"What we are thinking of doing is a TV show with the working title 'The Radical Wellness Show,'" Paltrow told The Hollywood Reporter. "I would be going into the field and talking to any number of doctors, scientists, civilians, people in crisis in Flint, Michigan, where there is something to uncover and confront about wellness. We would want it to feel more Vice-y in its vibe, but we're just in the brainstorming phase."
Goop began as a newsletter in 2008 and quickly expanded into a lifestyle website, now including e-commerce and collaborations with fashion brands. But of course, the business has faced criticism for featuring incredibly expensive products and making recommendations that some have deemed out of touch.
Paltrow has also been criticized for endorsing practices that the medical community deem ineffective -- or in some cases, harmful -- for example, endorsing coffee enemas and putting jade eggs in women's vaginas "to increase sexual energy, health, and pleasure."
But the 46-year-old Oscar winner doesn't let frequent criticism of Goop get her down. She's hit back at her critics before, including a less than flattering New York Times profile on the business published in July titled, "How Goop's Haters Made Gwyneth Paltrow's Company Worth $250 Million."

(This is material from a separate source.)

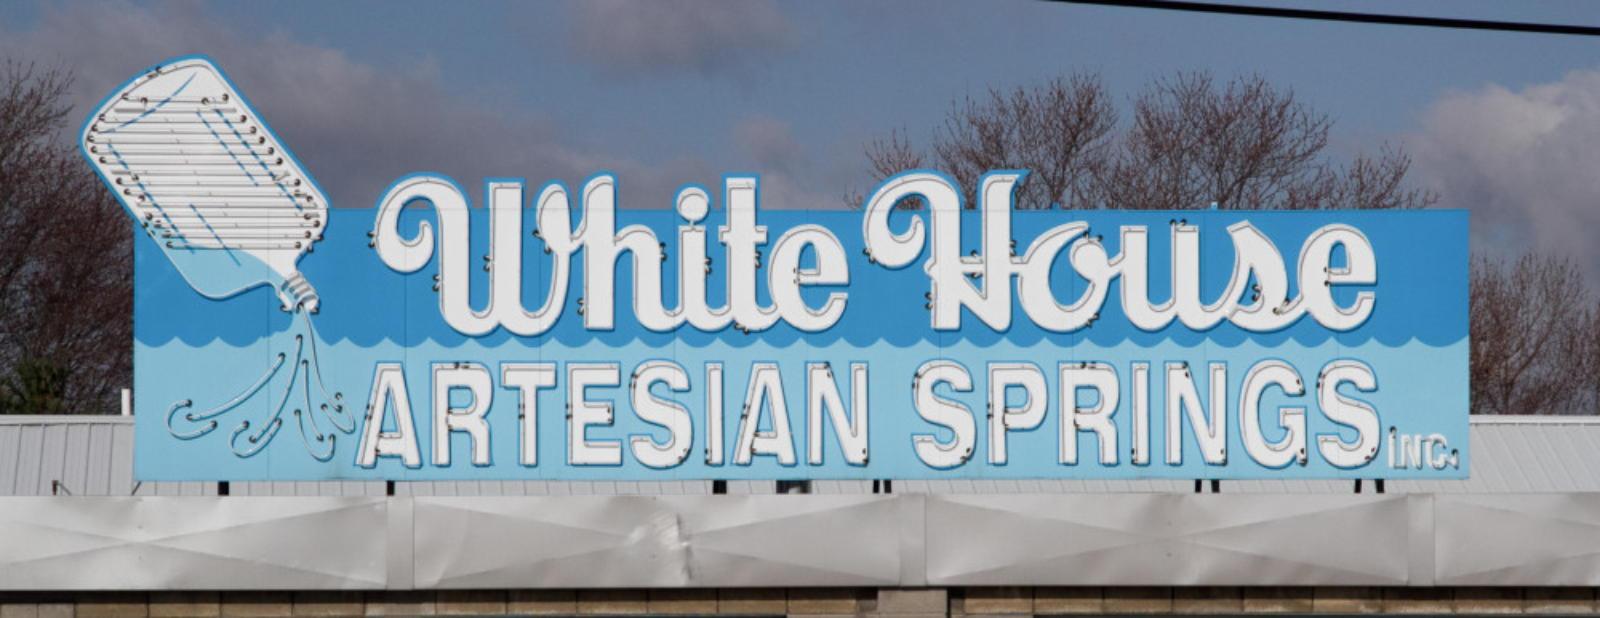 White House Exterior-0037-195

‘I don’t like to read about myself -- it’s none of my business what people think of me," Paltrow told Marie Claire UKin October, admitting she just "skimmed" the article. "Ultimately, it shows the strength of the business. There are Fortune 500 companies that aren’t in the NYT, ever. So, it means that we’re on the right track, we’re doing something important, we’re iconoclasts and trailblazers."
"You can love it or hate it, but we’re building something that’s changing the world, and it’s irrefutable that the world is coming along with us,'" she added.